= Purpurin (glass) =

Opaque glass of the Ancient World

Purpurin (Italian: Porporino; Latin: Haematinum, derived from Greek haimátinos = "of blood"; German: Hämatinon), sometimes referred to as glass porphyr or porphyry glass, is an opaque glass of brownish to lustrous deep-reddish color which in classical antiquity was used for residential luxury objects, mosaics and various decorative purposes. Purpurin is somewhat harder than normal glass but can be easily cut and polished. Its red color is permanently lost upon melting. The material bears some resemblance to goldstone.

== Historical references and archeology ==

Purpurin artifacts are frequently found during archeological excavations of more affluent Roman settlements, often along with actual Roman glass; Pompeii is a prime example.

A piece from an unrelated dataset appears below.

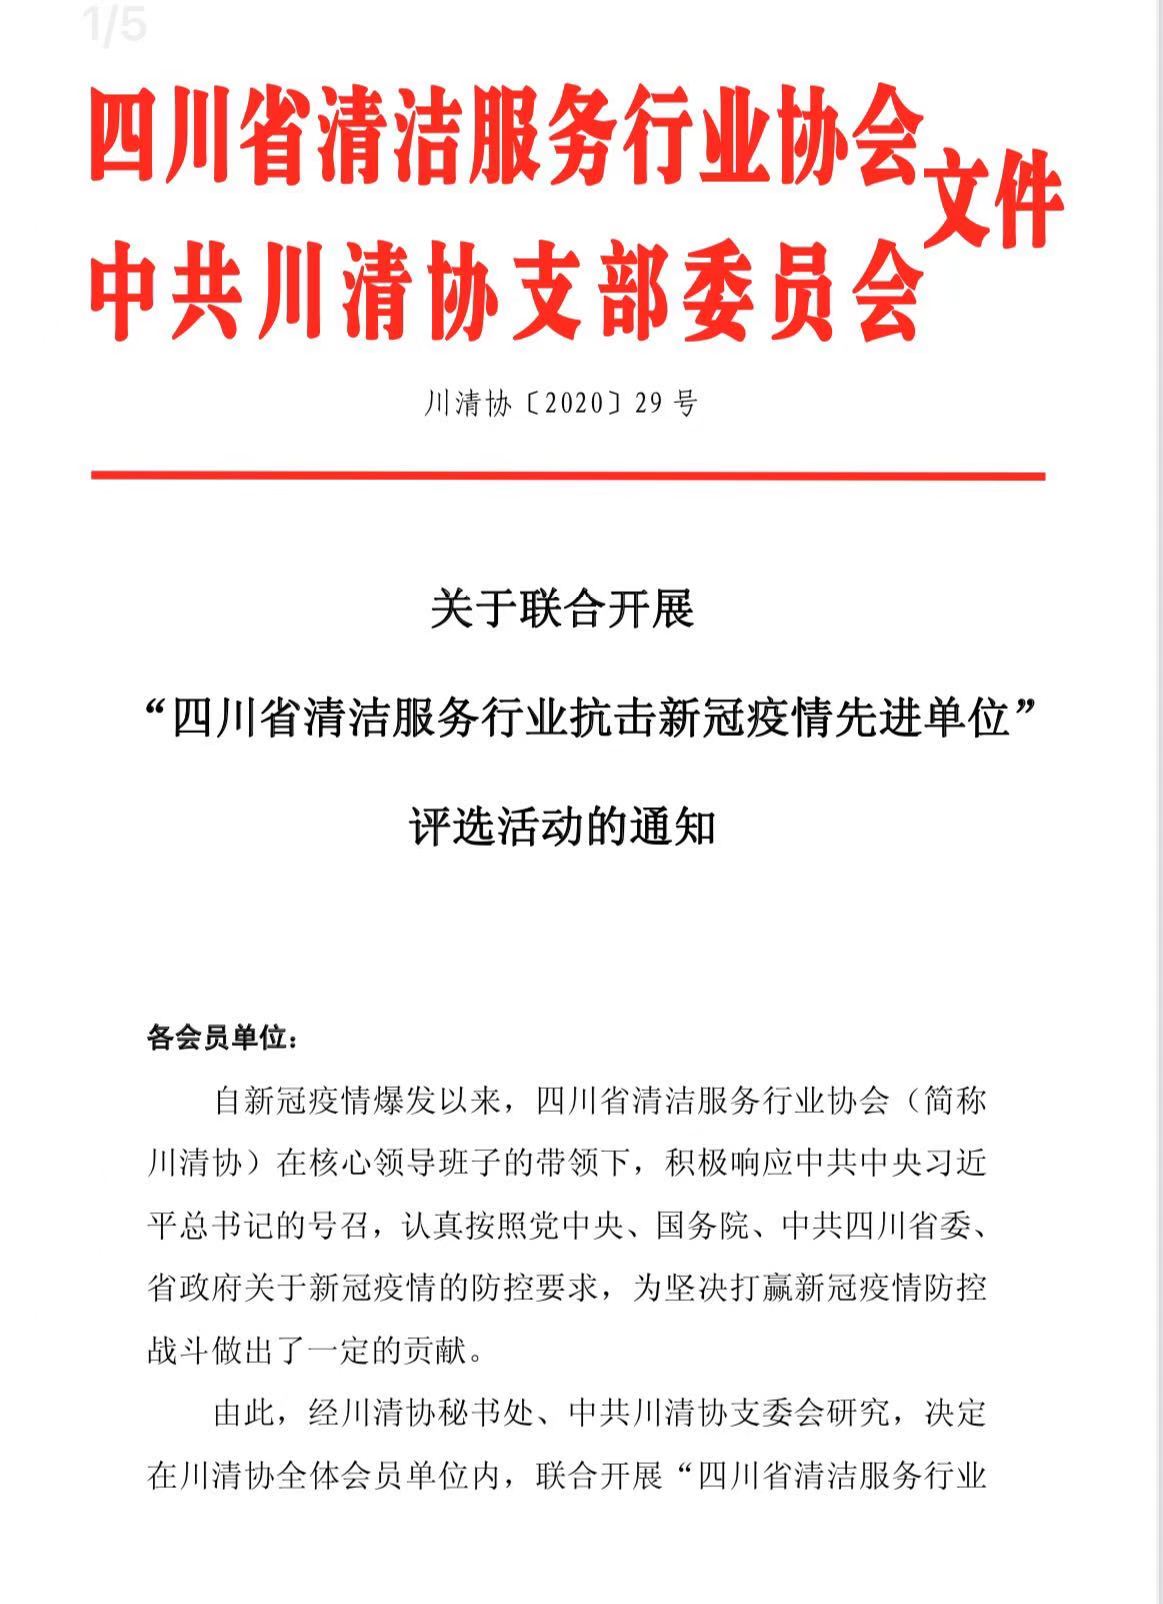 “四川省清洁服务行业抗击新冠疫情先进单位”评选活动的通知

Pliny the Elder reports in his Historia naturalis: "Obsidian is made by artificial coloring and used for dishware, and also a completely red and opaque glass called haematinum." The art of making this type of glass seems to have originated in India; glass beads of a similar material have been found in the Indus valley and were dated to the late 2nd millennium BCE.

== Rediscovering the technology ==

The process for "haematinum" (i.e., "blood-red ware") has not been related in any preserved documents from antiquity, and the details of its composition and production remained a mystery until the mid-19th century. Although the German chemist Martin Heinrich Klaproth had found copper when he analyzed red glass from the Villa Jovis, he mistakenly believed the fabled haematinon was not glass, but rather recast slag from copper smelting. In 1844, Schubarth made a strong case for it being copper-colorated glass, which was later proven to be correct.

King Ludwig I of Bavaria, intending to build a reconstruction of a Pompeian villa for educational purposes, tasked Max Joseph von Pettenkofer to rediscover the method of manufacturing the antique "blood glass", and indeed the young chemist reported success in 1853. His process called for fusing easily smelting standard alkali-lead glass with copper(II) oxide and magnetite in the presence of small amounts of magnesium oxide and carbon, followed by very slow cooling of the resultant brown mass, which would then take on a deep red color from precipitating microparticles of reduced metallic copper.

Subsequently, Emanuel Kayser realized the brownish tint was attributable to co-precipitated metallic lead, and that this can be avoided by using borax instead of lead glass or lead oxide. His recipe consisted of 60 parts silicon oxide in the form of quartz sand, 10 parts calcined borax, 10 parts copper oxide, and 3 parts magnetite.